Mit dem VAR ist das überprüfbar. Da haben wir keinen Interpretationsspielraum.
Autor: Alain BieriSchiedsrichter

Etwas mehr in Diplomatie übte sich Peter Zeidler, der sich zum Entscheid des Schiedsrichters nicht äussern wollte. «Ich habe Alain Bieri gesagt, dass er ein grosser Schiedsrichter ist, das ist meine feste Überzeugung», so der FCSG-Trainer. Einen kleinen Seitenhieb konnte sich Zeidler allerdings nicht verkneifen. «Ein ganz Grosser hätte dann halt vielleicht abgepfiffen», schob er hinterher.

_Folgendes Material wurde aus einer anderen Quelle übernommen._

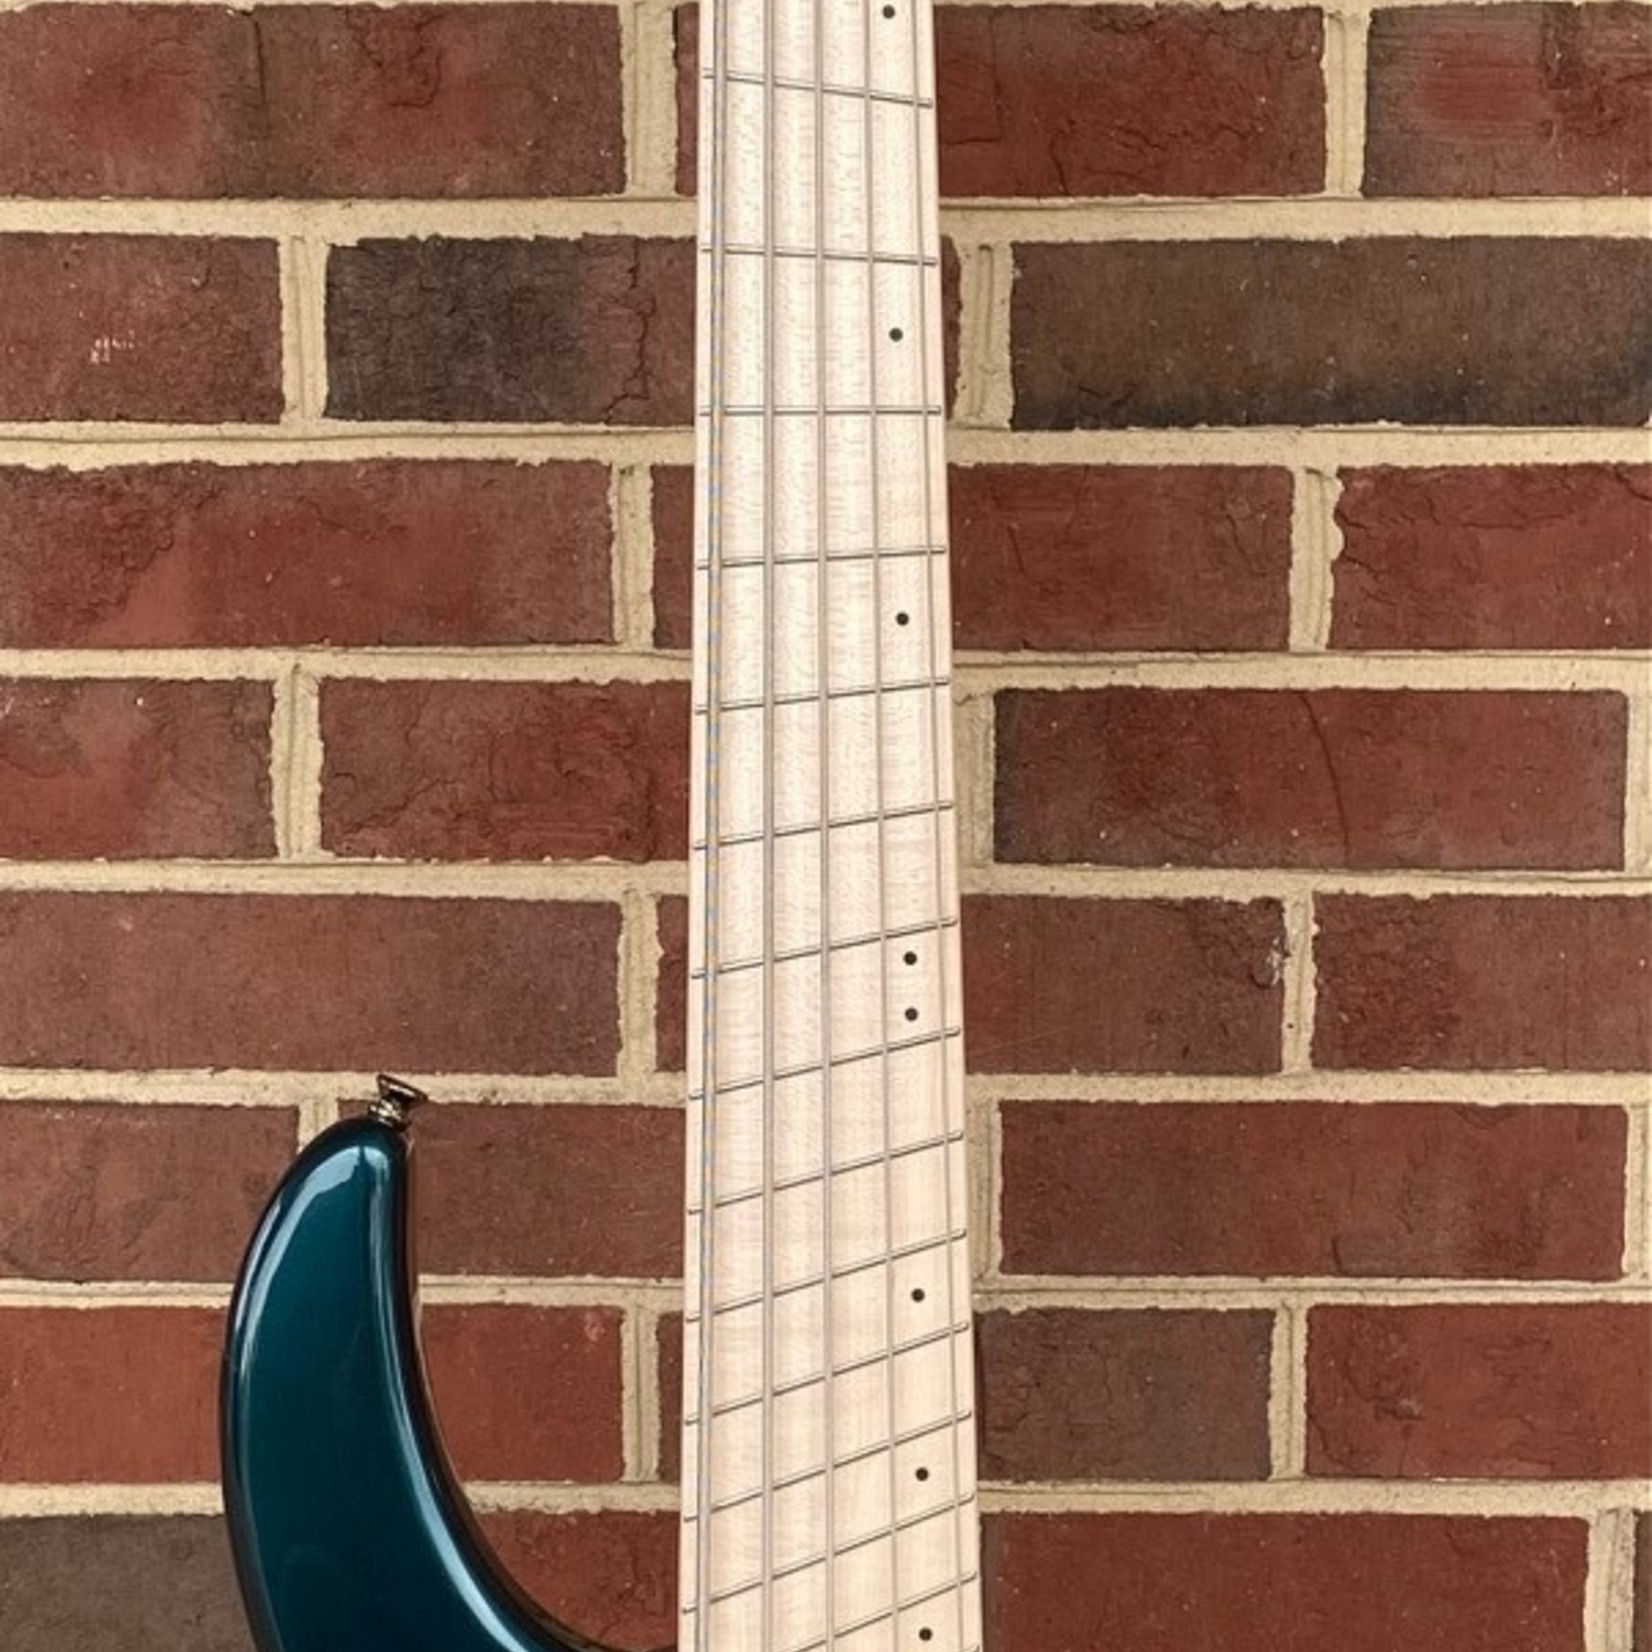 Dingwall Dingwall NG3 5-String, Gloss Black Forrest Green, Maple Fretboard, Matching Headstock, Dingwall Gig Bag, SN# 8977

Für Bieri ist die Sache klar

Schiedsrichter Bieri äusserte sich direkt nach Spielschluss zu seiner Entscheidung, den Penalty wiederholen zu lassen. «Der Torhüter hat die Linie zu früh verlassen. Mit dem VAR ist das überprüfbar, da haben wir keinen Interpretationsspielraum», so der 40-Jährige.

Er habe Zigi vor der erstmaligen Ausführung des Penaltys noch ausdrücklich darauf hingewiesen, die Linie nicht zu verlassen. «Als er sich zu früh bewegt hat, hat mir das der VAR gleich mitgeteilt», beschrieb Bieri die Szene.

Bieri räumte aber auch ein, dass man das zu frühe Verlassen der Linie «ohne VAR wohl nicht gesehen hätte.» Allerdings sei es nicht die Aufgabe der Schiedsrichter, den VAR an sich zu bewerten.

YB zeigt gewisses Verständnis

Während sich die St. Galler um zwei Punkte gebracht sahen, freute sich YB über einen bereits verloren geglaubten Punkt. Christian Fassnacht fasste es kurz und knapp zusammen: «Es ist speziell, aber das Reglement ist so. So gesehen ist es gerecht», befand der 26-Jährige.

Und Gerardo Seoane? Der YB-Trainer zeigte für die Emotionen der Espen angesichts der Dramaturgie Verständnis. Und riet den aufgebrachten St. Gallern: «Man kann sich aufregen. Aber man tut gut daran, einmal durchzuschnaufen und vorwärts zu schauen.»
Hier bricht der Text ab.